Japanese Prime Minister Shinzo Abe, center, arrives at Andrews Air Force Base, Md., Thursday, Feb. 21, 2013. The Japanese prime minister is meeting President Barack Obama on Friday. (AP Photo/Manuel Balce Ceneta)
WASHINGTON (AP) — President Barack Obama is welcoming Japan's new prime minister to the White House to reinforce a core U.S. alliance at a time of high tension stoked by a Japan-China territorial dispute and a North Korean nuclear test.
Shinzo Abe is a nationalist and a keen advocate of stronger relations with Washington that have assumed more importance for Tokyo as it has locked horns in recent months with emerging power China over the control of unoccupied islands in the resource-rich seas between them.
Abe, who arrived Thursday afternoon and will leave early Saturday, has been anxious for the Oval Office meeting since he returned to power after a convincing election victory in December for his second stint as prime minister since he resigned for health reasons in 2007 after serving for one year.
The U.S. partnership with Japan, which hosts about 50,000 American forces, is an enduring one and a cornerstone of Washington's Asia policy, but establishing a personal rapport between leaders has been difficult. As Japan has struggled with its prolonged economic malaise, there's been a rotating door of prime ministers. Abe is the fifth since Obama took office.

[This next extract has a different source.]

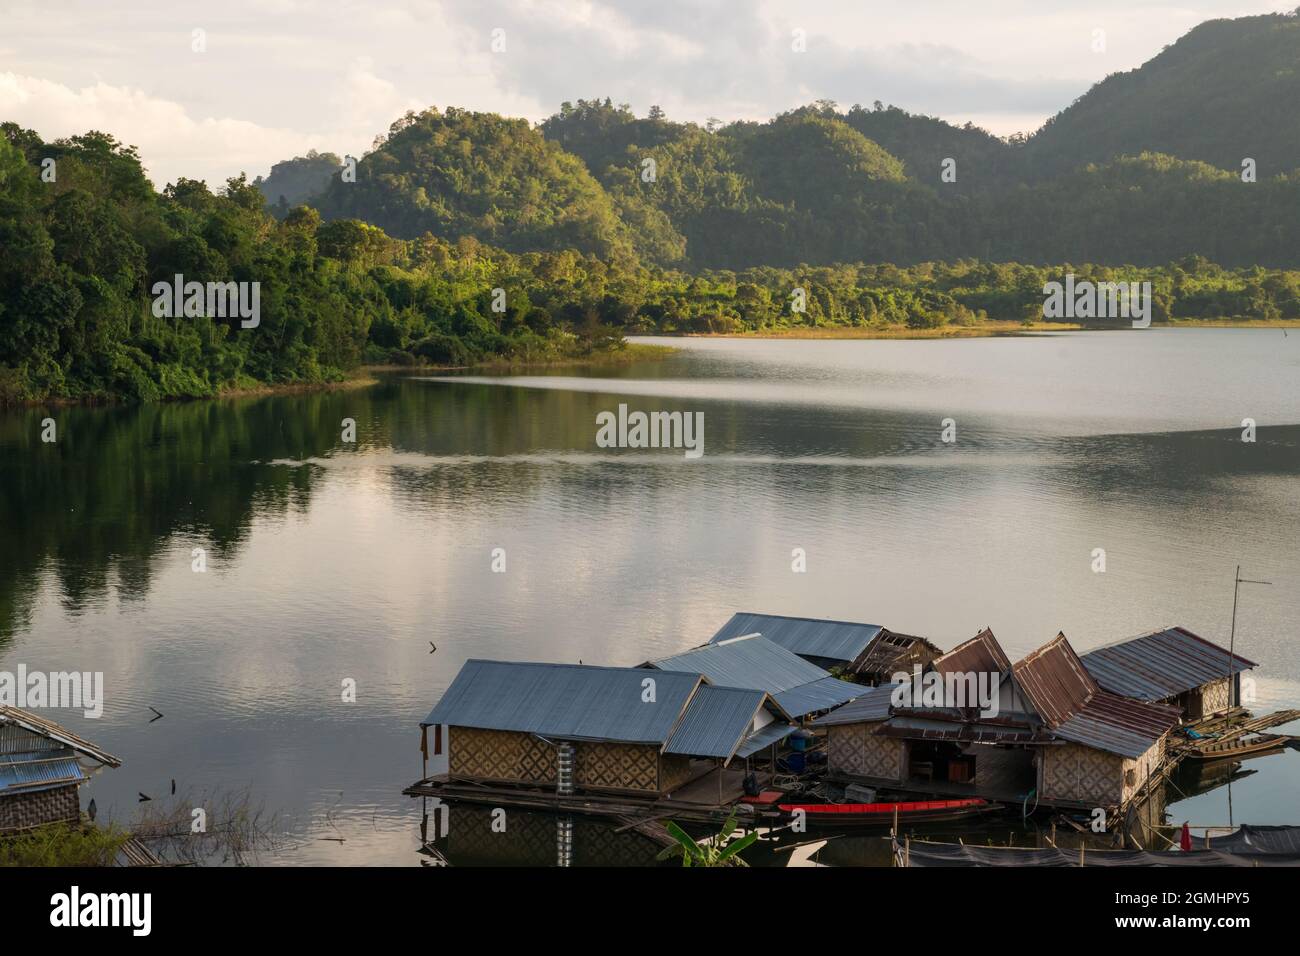 Case galleggianti sul lago Khao Laem vicino alla città tailandese Sangkhla Buri al tramonto. Circondato da foreste e laghi, questo rende un idilliaco surroundin Foto Stock

Abe's market-pleasing moves to stimulate Japan's economy — dubbed 'Abenomics' — have fueled hope of a recovery and are expected to be featured in a policy speech he will deliver at a Washington think tank Friday after his meeting and working lunch with Obama at the White House.
The U.S. will be gauging Tokyo's intent to join negotiations on the Trans-Pacific Partnership, a region-wide free trade pact being pushed by Washington. Abe may give pointers but is widely expected to hold back from such a commitment, which is opposed by most of his party and Japan's small but politically powerful farming lobby, at least until after key elections in July for the upper house.
Joe Hinrichs, Ford Motor Co.'s president of the Americas, said that Abe should be told to open Japan's automobile markets, because only about 4 percent of cars sold there are made by foreign auto companies.
"We hope the U.S. government will send a clear message that any future trade policy with Japan must ensure a level playing field and not come at the expense of American workers," he said Thursday.
On the security issues roiling northeast Asia, the U.S. and Japan will show solidarity in the face of North Korea's recent long-range rocket launches and last week's nuclear test, and reiterate their support for the U.N. Security Council to agree upon tougher sanctions against Pyongyang. They could also discuss military cooperation and missile defense.
More delicate will be how Obama and Abe address Japan's dispute with China over the Japanese-administered Senkaku islands that flared after Tokyo nationalized some of them in September. China also claims the tiny islands, which they call Diaoyu. It has stepped up patrols into what Japan considers its territorial waters, heightening concern that could spark a conflict. The tensions highlight the rivalry between China, the world's second-largest economy, and Japan, which is the third.
Tokyo accused China last month of locking weapons-guiding radar on a Japanese destroyer and a helicopter, in what it viewed as a dangerous escalation. Beijing accused Tokyo of fabricating the reports to smear China.
Abe will seek a reaffirmation of U.S. treaty obligations to help Japan in the event of conflict — spelled out in clear terms last month by then-Secretary of State Hillary Rodham Clinton, who said the U.S. opposes any unilateral actions seeking to undermine Japan's administration of the islands.
Obama will likely give that assurance but tread cautiously. The U.S. is at odds with China on many issues — Washington's growing concern over cybertheft is a clear example. But the U.S. wants to avoid a conflict in the region and is wary of alienating Beijing, whose support is needed to pressure North Korea over its nuclear and missile programs that potentially threaten the U.S.
Danny Russel, National Security Council senior director for Asia, said Obama will find it useful to get an update on the high-level contacts between Tokyo and Beijing.
"The president's focus, as you can imagine, is on the importance of managing these issues in a diplomatic way that lowers the tensions," Russel said in a briefing to reporters ahead of Abe's visit.
"Obama will not want to contribute to the impression that already exists in China that the U.S. and Japan are ganging up against China," said Robert Hathaway, director of the Asia program at the Wilson Center think tank in Washington.
AP Auto Writer Tom Krisher in Cleveland contributed to this report.